Зажмурилась и мечтаю, чтобы нашлись добрые воры и умыкнули хоть половину груза! Я не подглядываю. Я и крика поднимать не стану.
– Да уж. Воры не добрые, они умные! На кой им дерюги и прочее-разное, вроде краски для опилок? – я вздохнула и строго приказала себе: – А ну, оборачивайся. Хватит мечтать, таких чудес не бывает. Воров окрест вовсе не водится, как и случайных добрых пассажиров… грузчики, и те заведутся через неделю, если не позже.
Не хочу открывать глаза! Под шторами век залегла особенная утренняя тьма – спокойная и легкая. Она раскрасила звуки и спрятала душевную горечь. Если не открывать глаза, а поворачиваться на ощупь, слушая, как хрустит гравий под башмаками, можно ощутить грань миров – лесного и людского. От людского пахнет сажей, креозотом и железом. Лесной дышит росой, наплывает крепнущими трелями птиц, насыпается шорохом листвы, набегает волнами травянистого ветра…
Рассвет – мое любимое время. Свежесть хрустальная, и вся она пронизана птичьим гомоном. Вуаль тумана кокетливо и неплотно укрывает дальний лес, а к ковру ближнего луга она крепится иглой вокзального шпиля. На кончике – традиционный для путевых строений знак солнца, крест в круге. Он уже принял лучи восхода.
Хорошо рисовать мир с закрытыми глазами! Недостатки зрения не мешают. Вот разлеплю веки, и что увижу? Уж точно не знак солнца, куда мне с моими глазами! Я разберу разве что пятно: золотистое, совсем размытое. Даже сощурясь…
– Барышня, не ваш ли будет во-он тот шарабан? – прошелестели мне в ухо.
– Ой! Вот зачем так подкрадываться? – от неожиданности я подпрыгнула, оступилась… Но не упала, а удачно осела на тюк, мягкий и объемный. – Напугали.
– Даже не пробовал… пока, – доверительно сообщил тот, кто подкрался. – Но если ваш, я поздороваюсь и наймусь в грузчики. В оплату довезёте до Луговой. Если же не ваш, то будьте уж так добры, скажите, чей.
– Типичный вор, – буркнула я, мельком оглядев незнакомца и надеясь, что он не расслышит.
Парень сразу показался опасно похожим на воплощение мечты о внезапной убыли груза. Весь подобранный и дерзкий, лет двадцати пяти, хотя по нему возраст не читается. Но наверняка старше меня. Некрупный, худощавый.
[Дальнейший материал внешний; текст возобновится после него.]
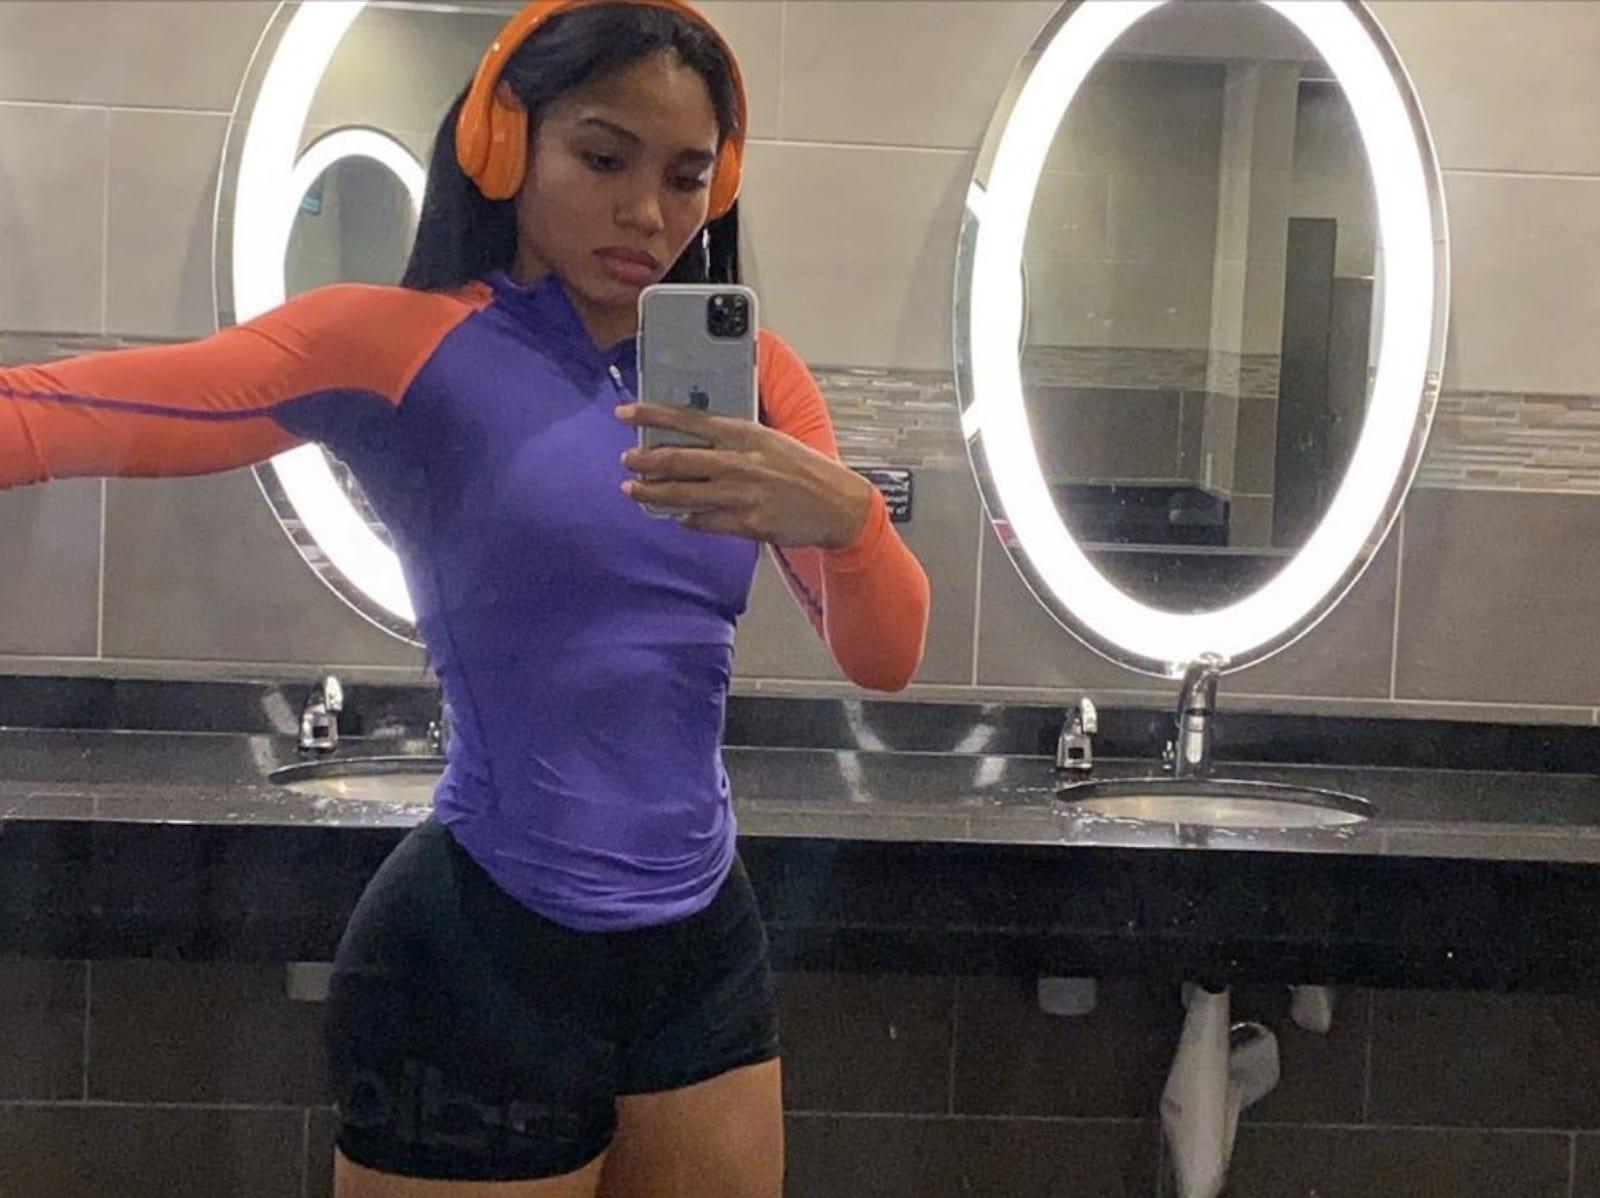 Cuban Link Workout Selfie Pic

И еще: он человек города. Стоит на рельсе в пол-оборота ко мне, не шелохнувшись. Одет в темное, складно по нему обмятое. Пострижен так коротко, что на макушке и возле ушей сажево-черные волосы смешно топорщатся. Кожа от природы смугловатая: бледному по весне так не загореть. Лицо скуластое, глаза – смотровые щели. Типичный вор. Ну, как я себе представляю воров. Теоретически.